-- Source material follows --
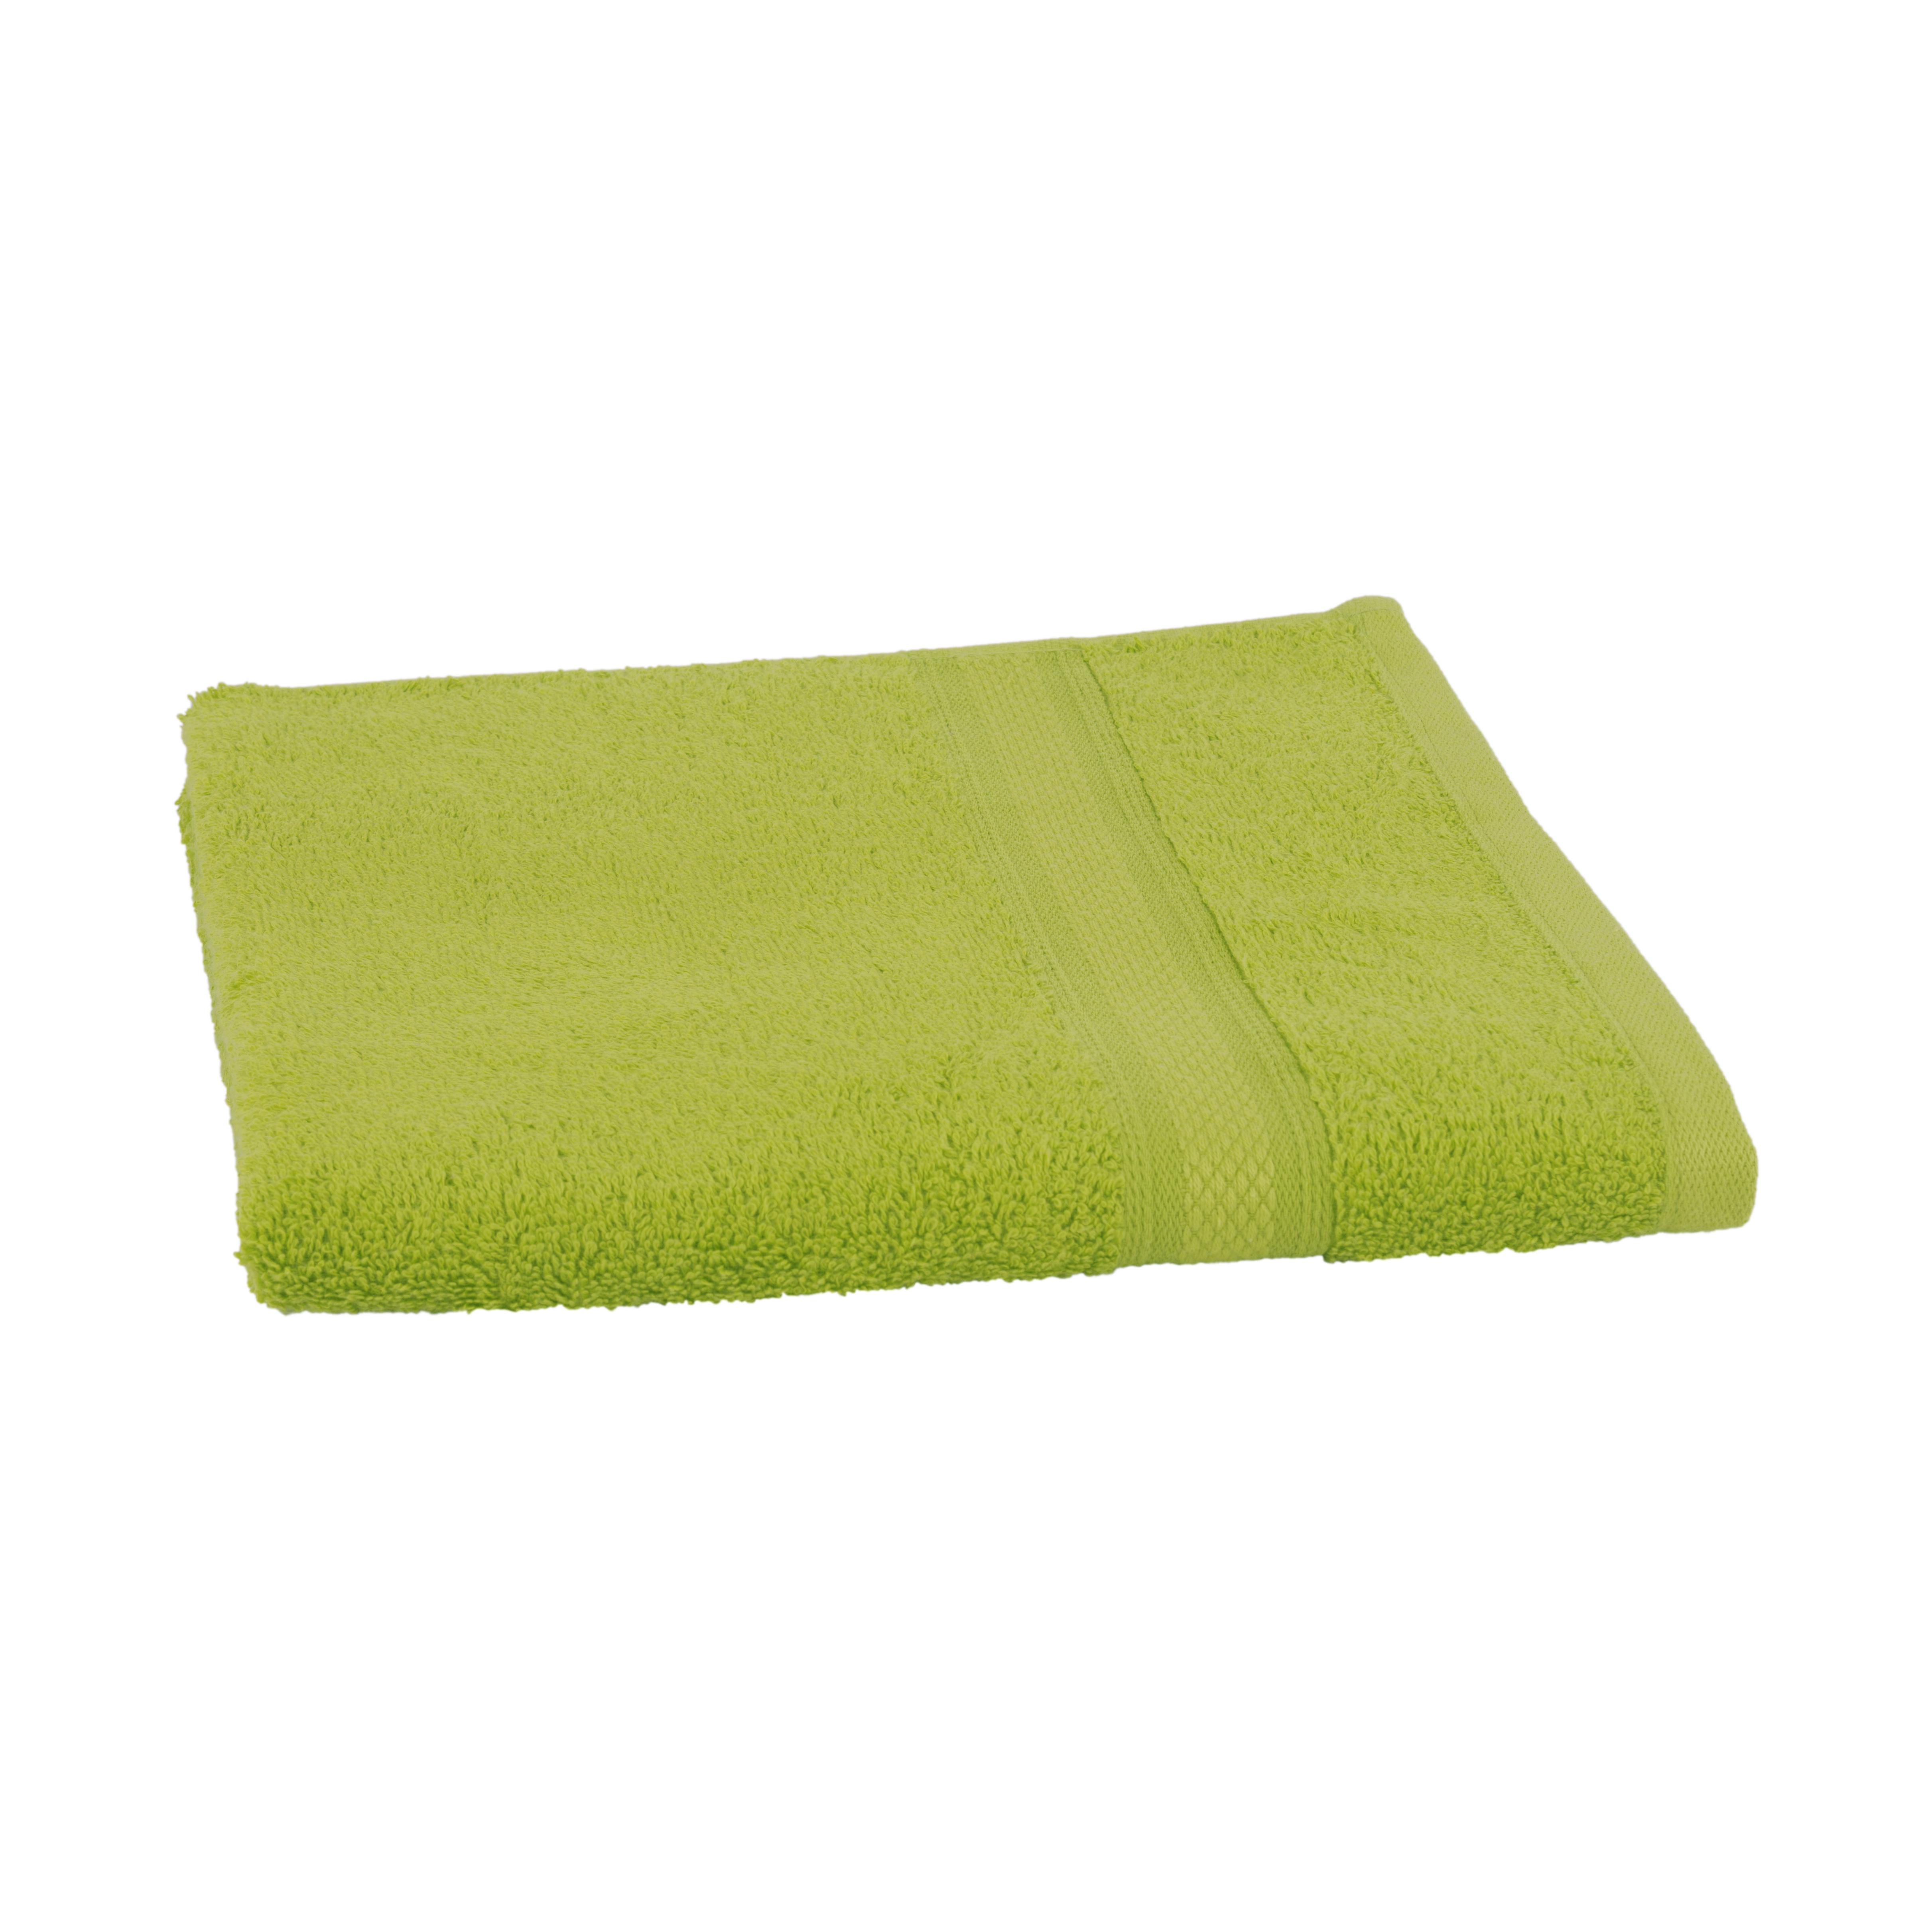 Clarysse Elegance Handdoek 60x110 500gram Groen
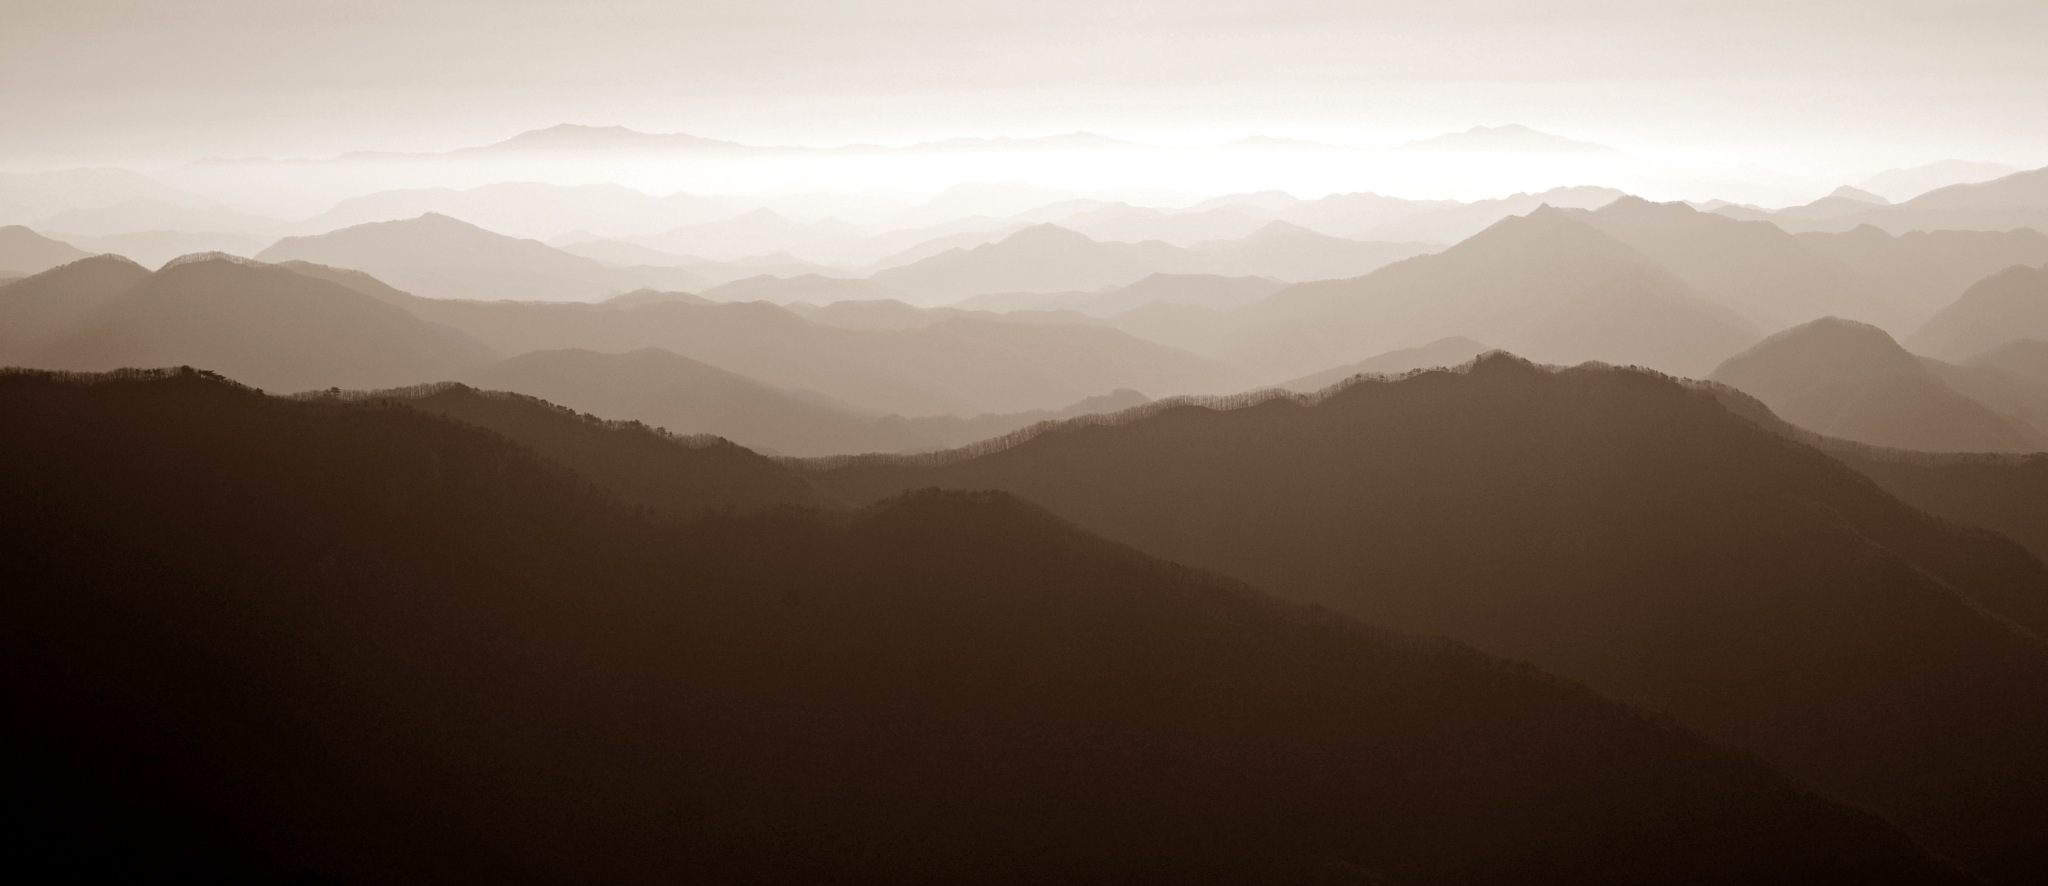 mountain layer by Bae Myung-Gyu
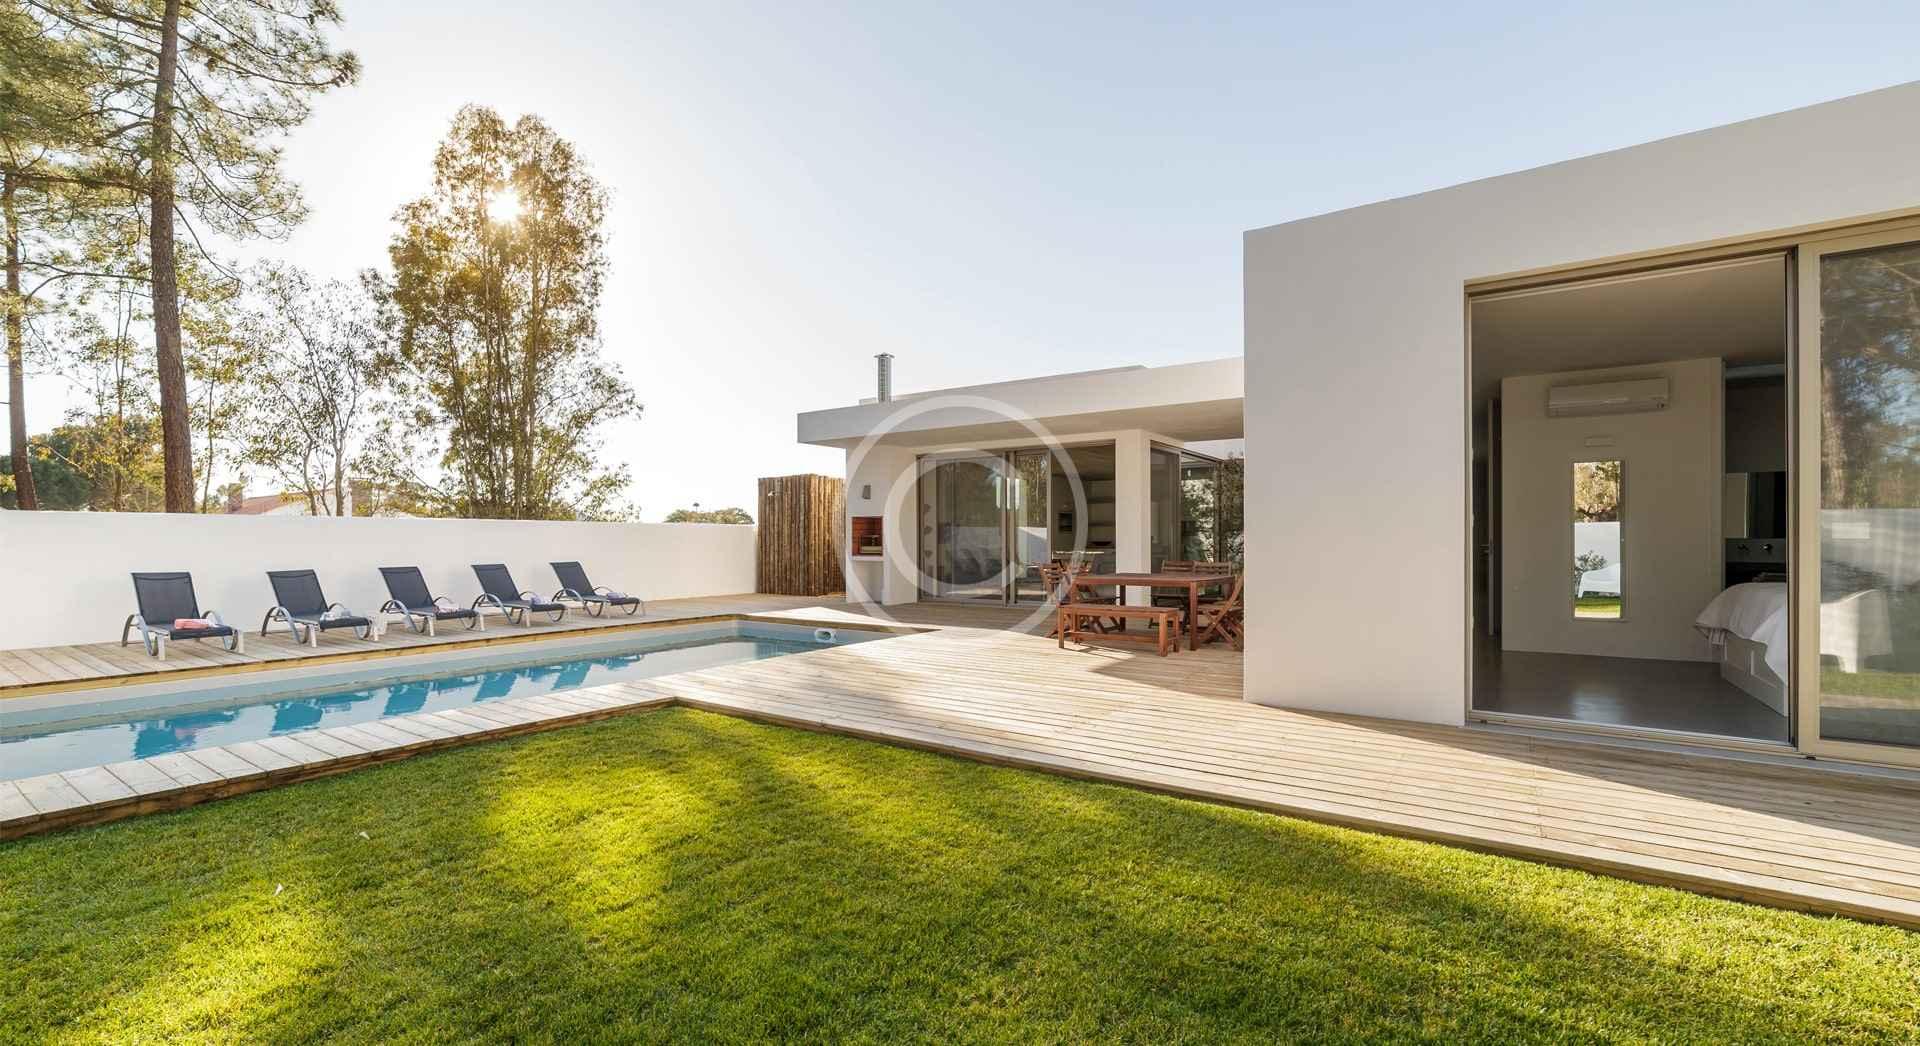 Landscape & Pool Solutions
-- Source material concluded --
- [Assignment]
In the copy you write, the data above must appear exactly, with no pictures.

- [Answer for the task]
 Clarysse Elegance Handdoek 60x110 500gram Groen
 mountain layer by Bae Myung-Gyu
 Landscape & Pool Solutions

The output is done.